## DATA
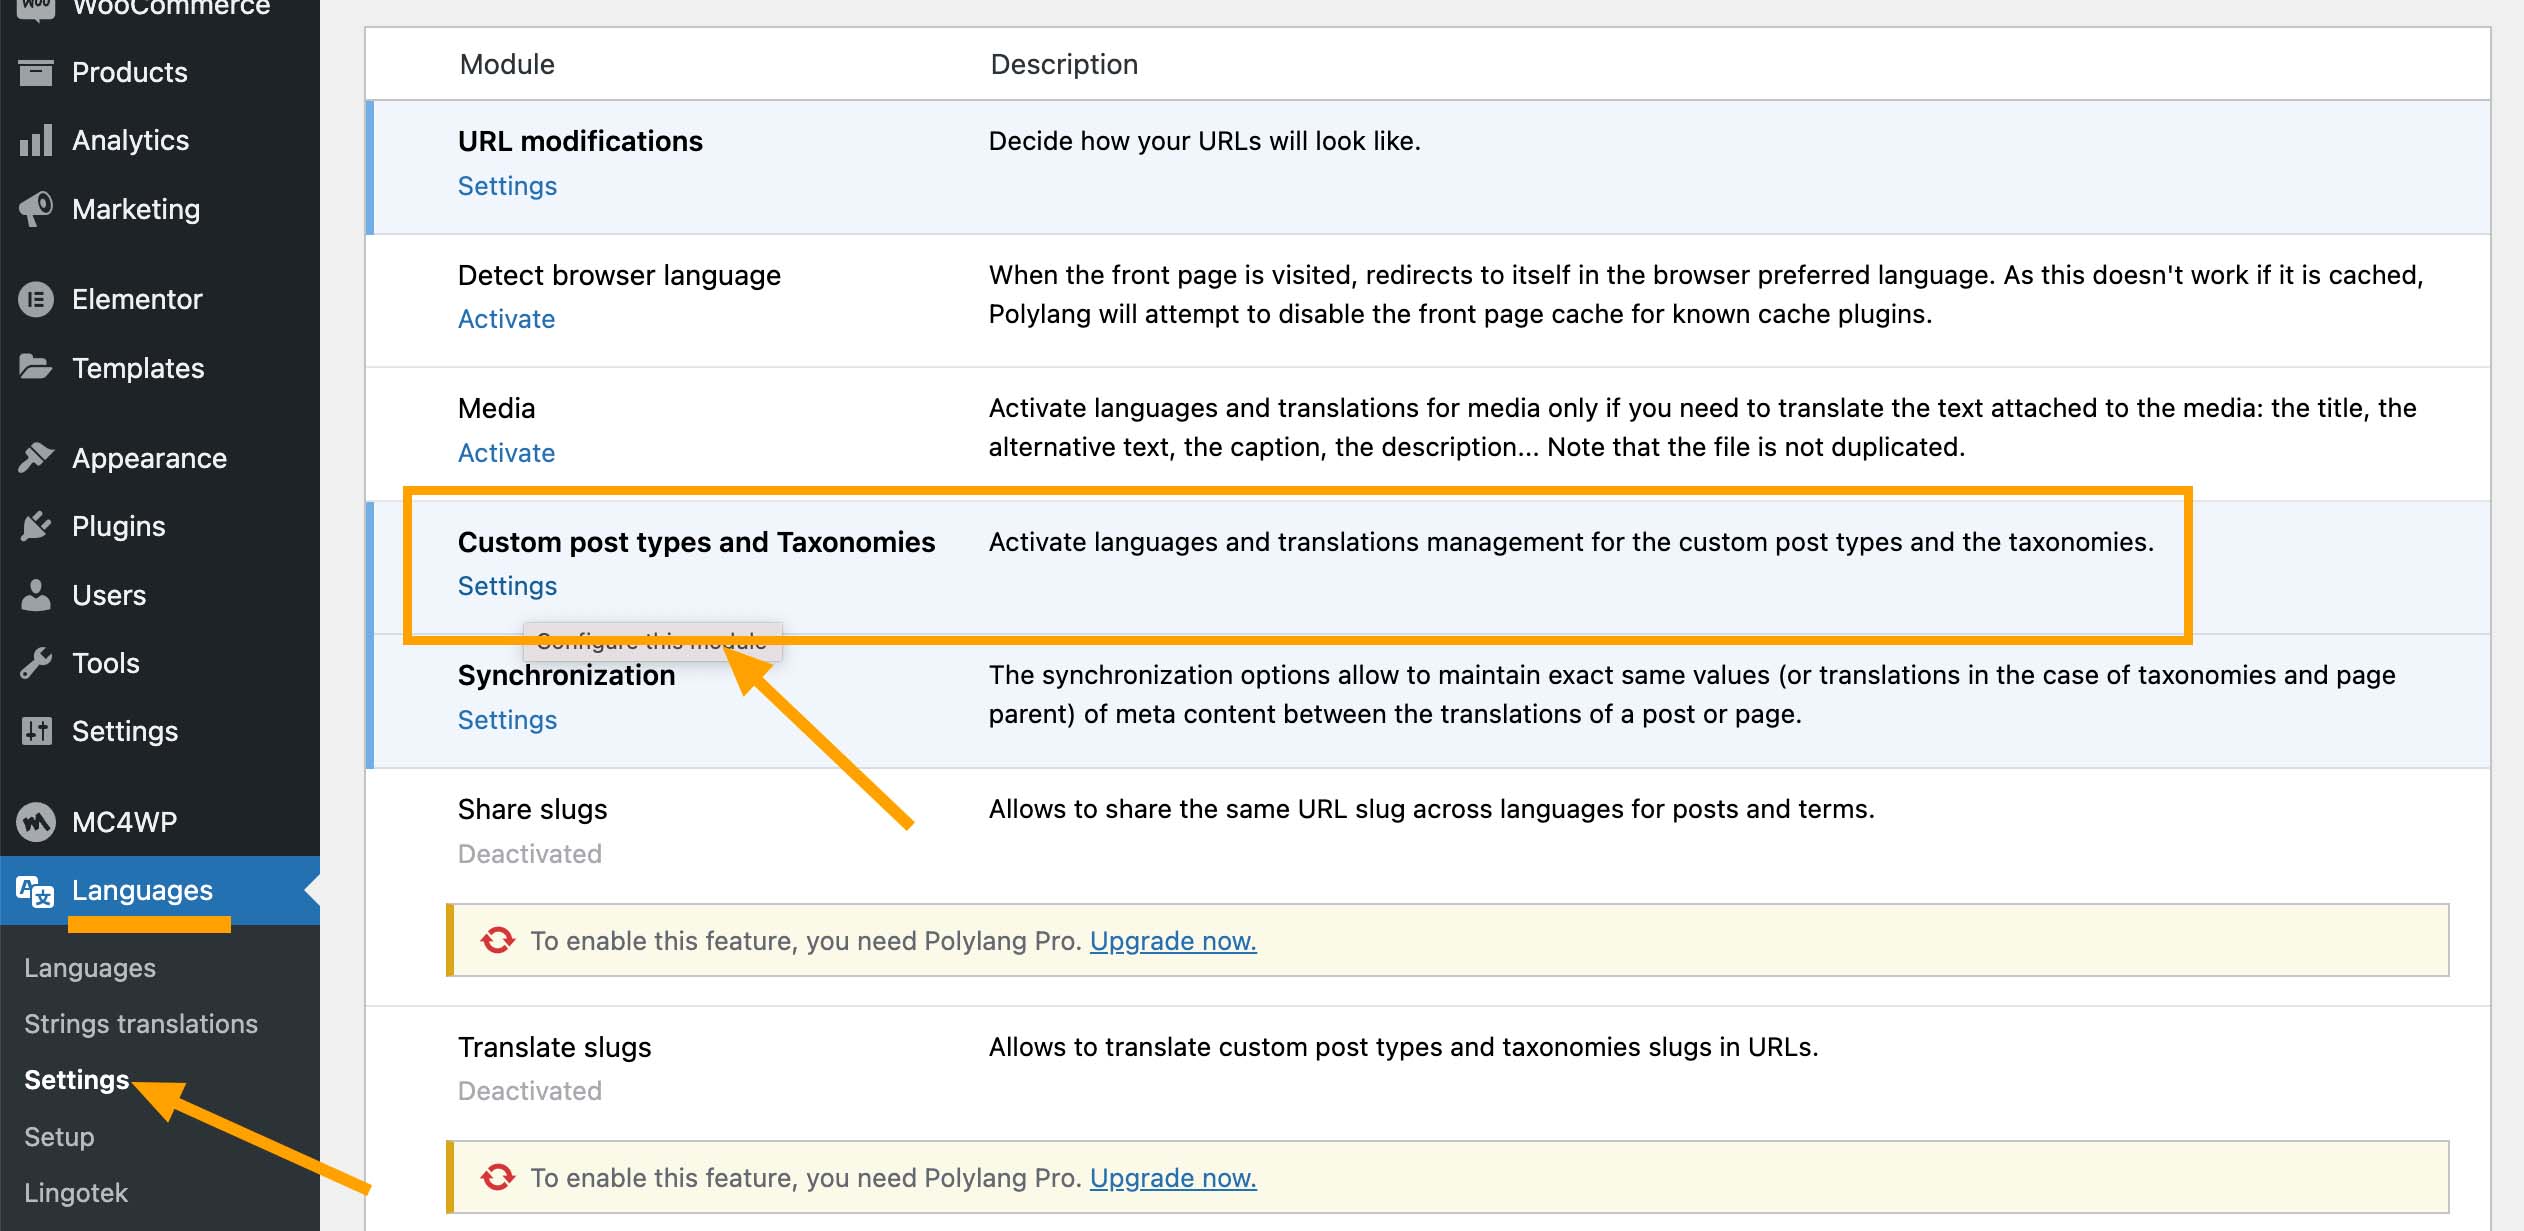 Activate languages and translations for custom post types.
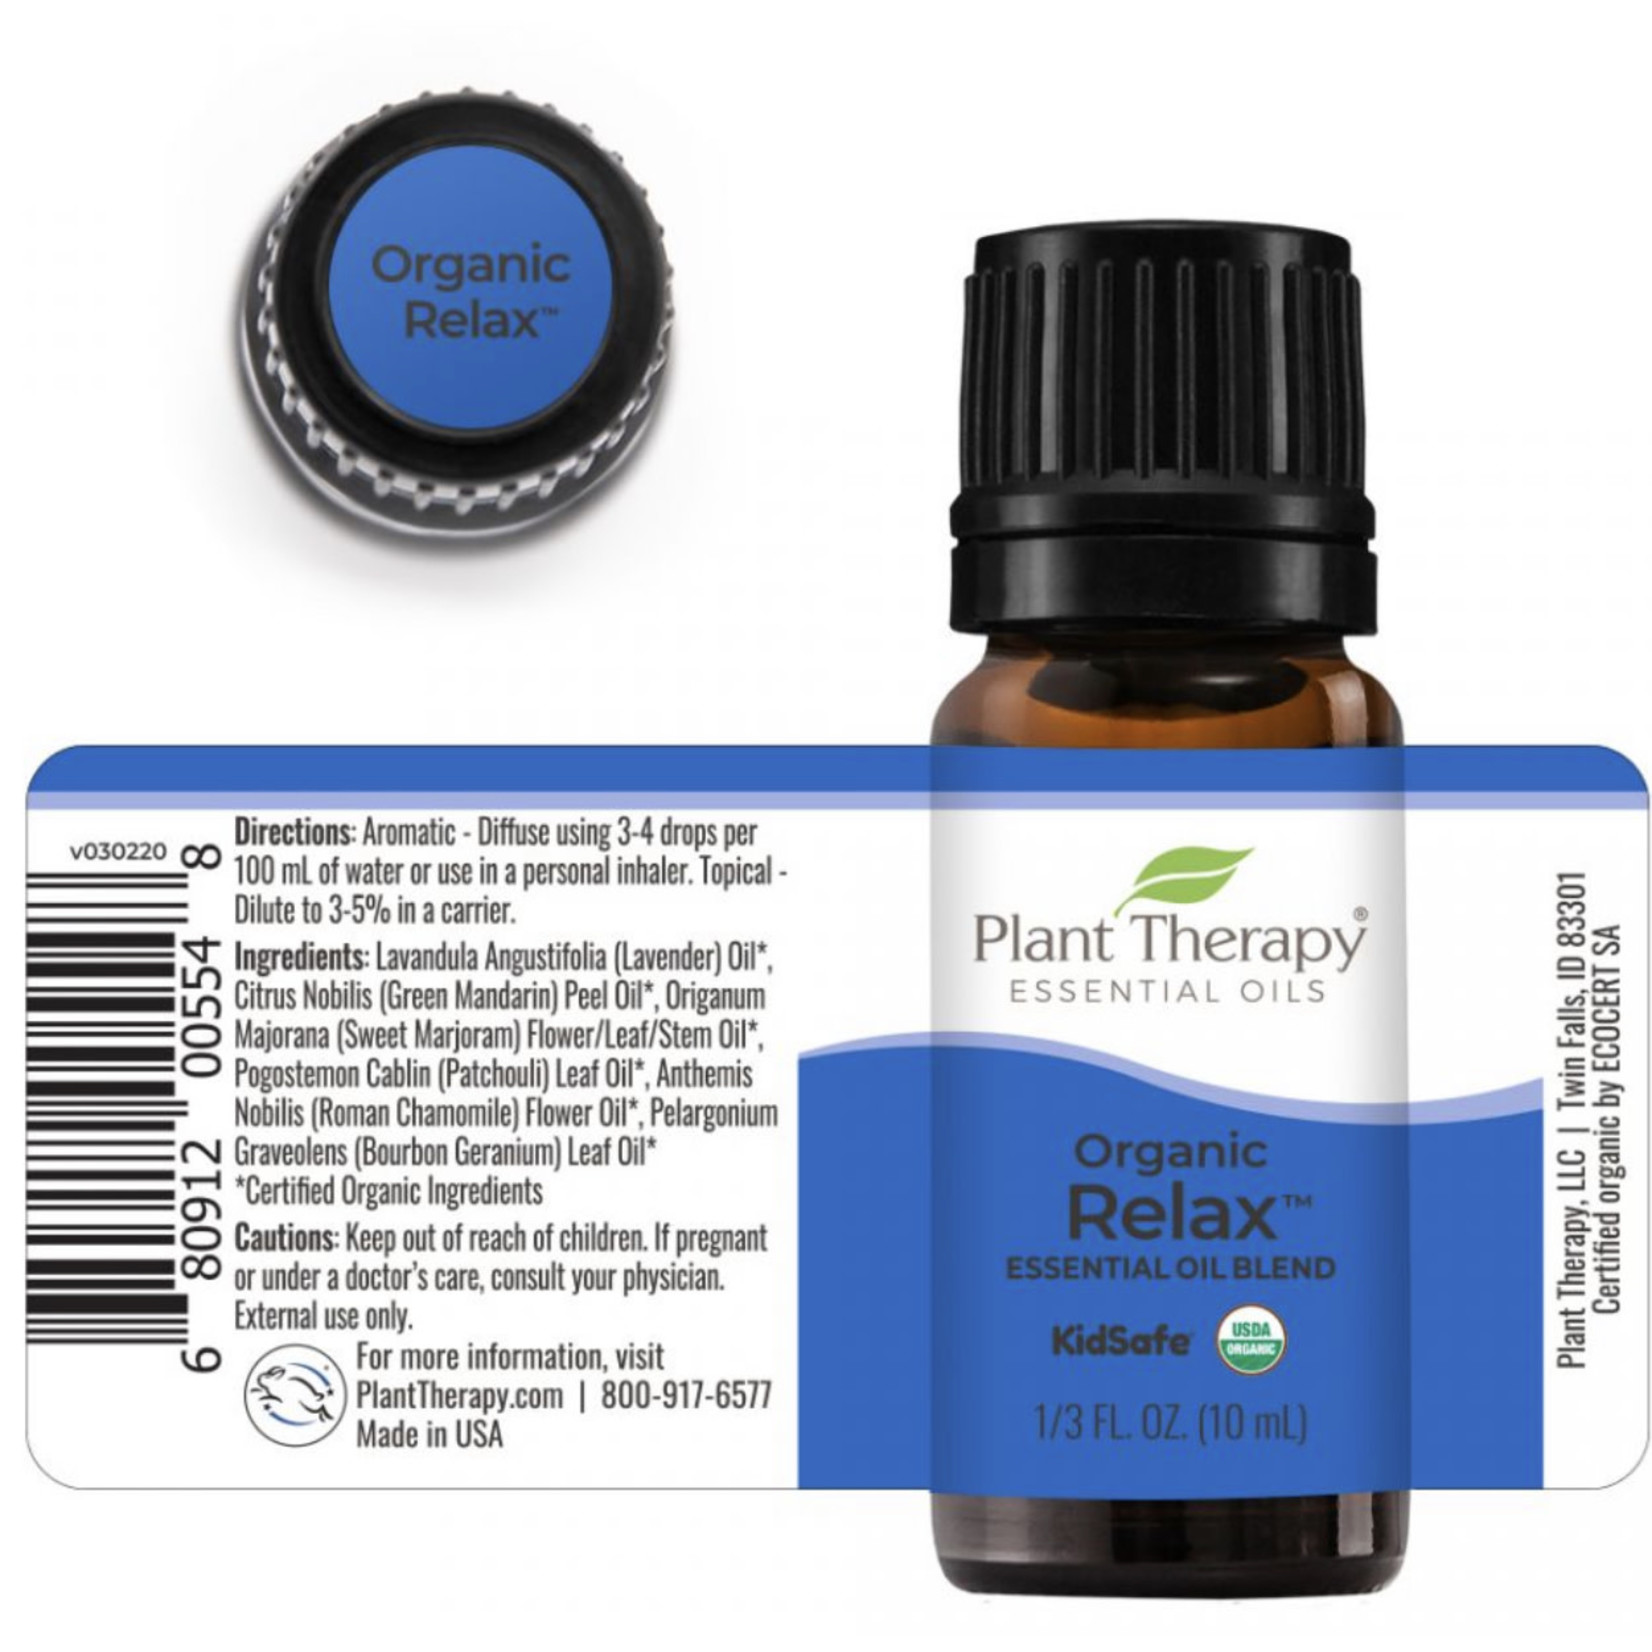 Plant Therapy Organic Relax Essential Oil Blend
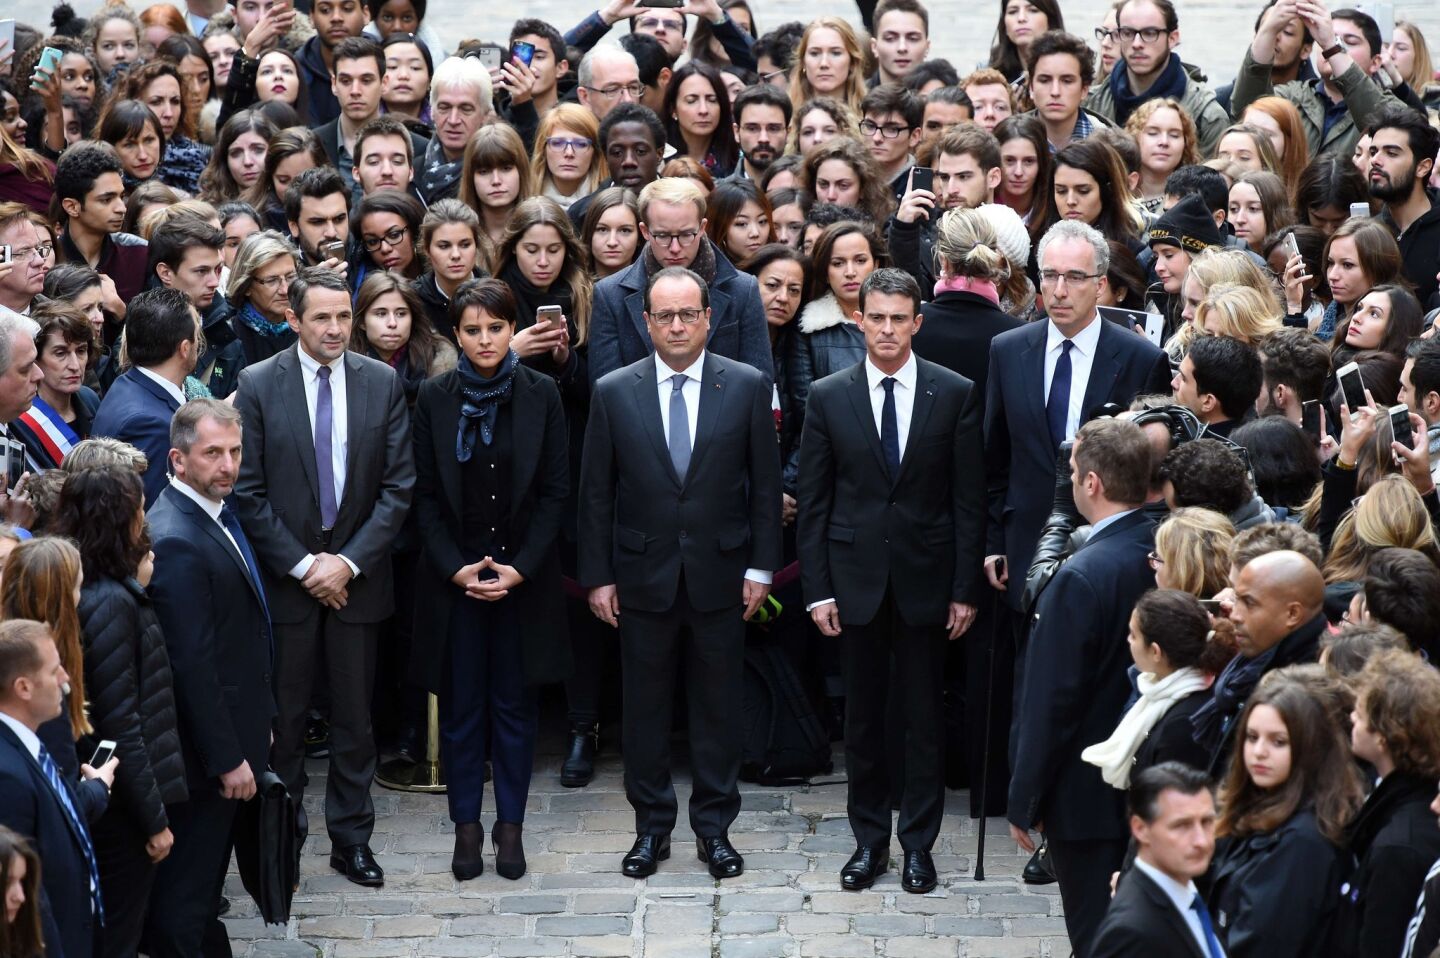 French President Francois Hollande, center, stands with government officials to observe a minute of silence Nov. 16 at the Sorbonne University in Paris.
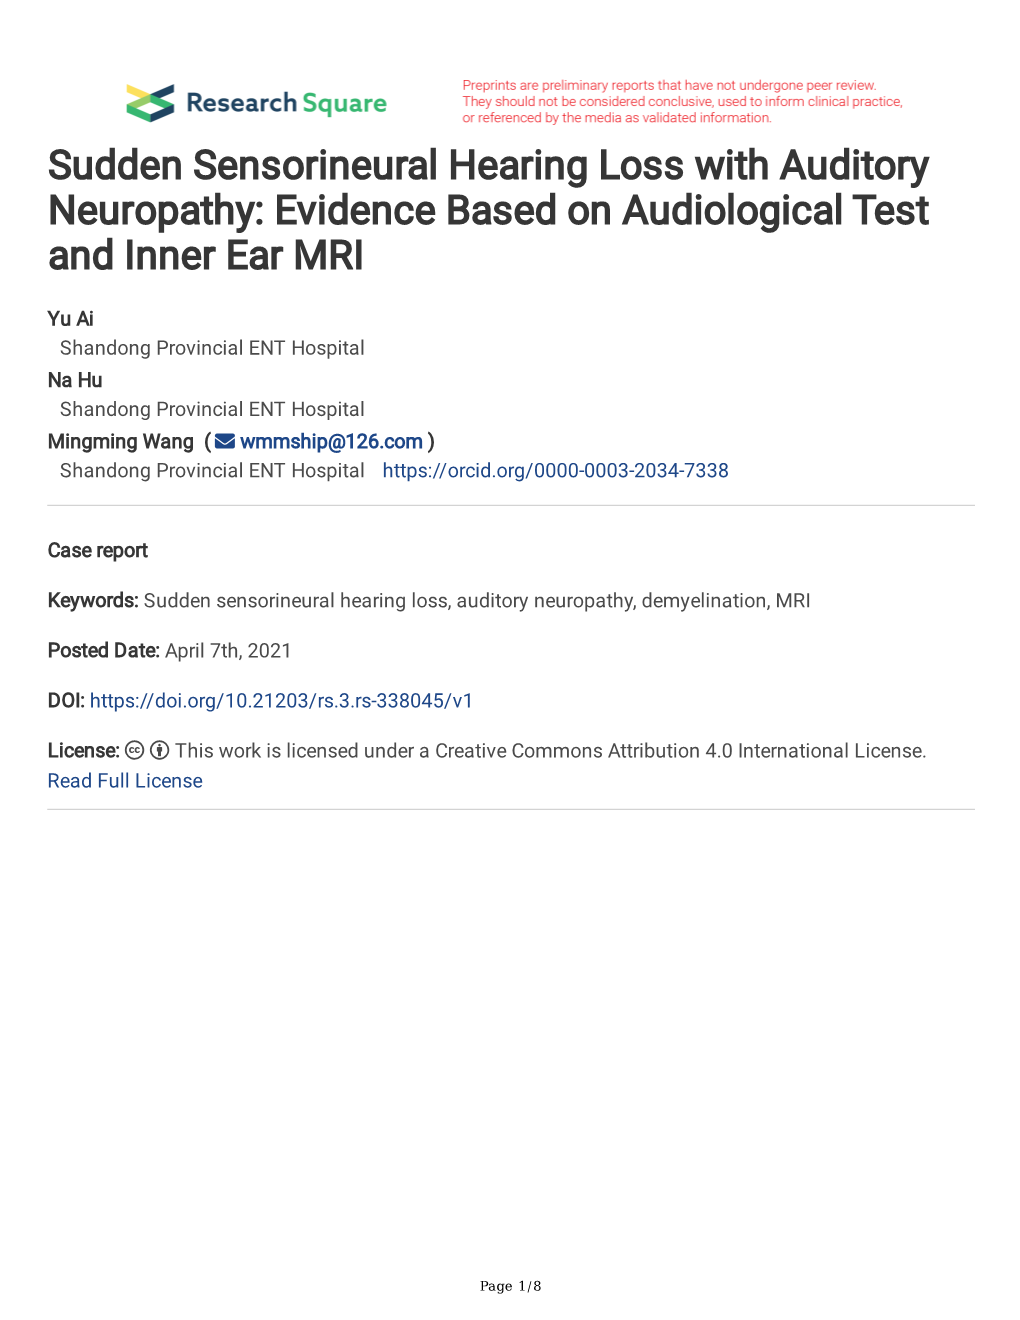 Sudden Sensorineural Hearing Loss with Auditory Neuropathy: Evidence Based on Audiological Test and Inner Ear MRI

## GOAL OF THE EXERCISE
Exactly the lines from the one containing "French President Francois" through the end of the data above: repeat those, both ends included, and nothing else. Skip the pictures.

## RESPONSE TO THE TASK
 French President Francois Hollande, center, stands with government officials to observe a minute of silence Nov. 16 at the Sorbonne University in Paris.
 Sudden Sensorineural Hearing Loss with Auditory Neuropathy: Evidence Based on Audiological Test and Inner Ear MRI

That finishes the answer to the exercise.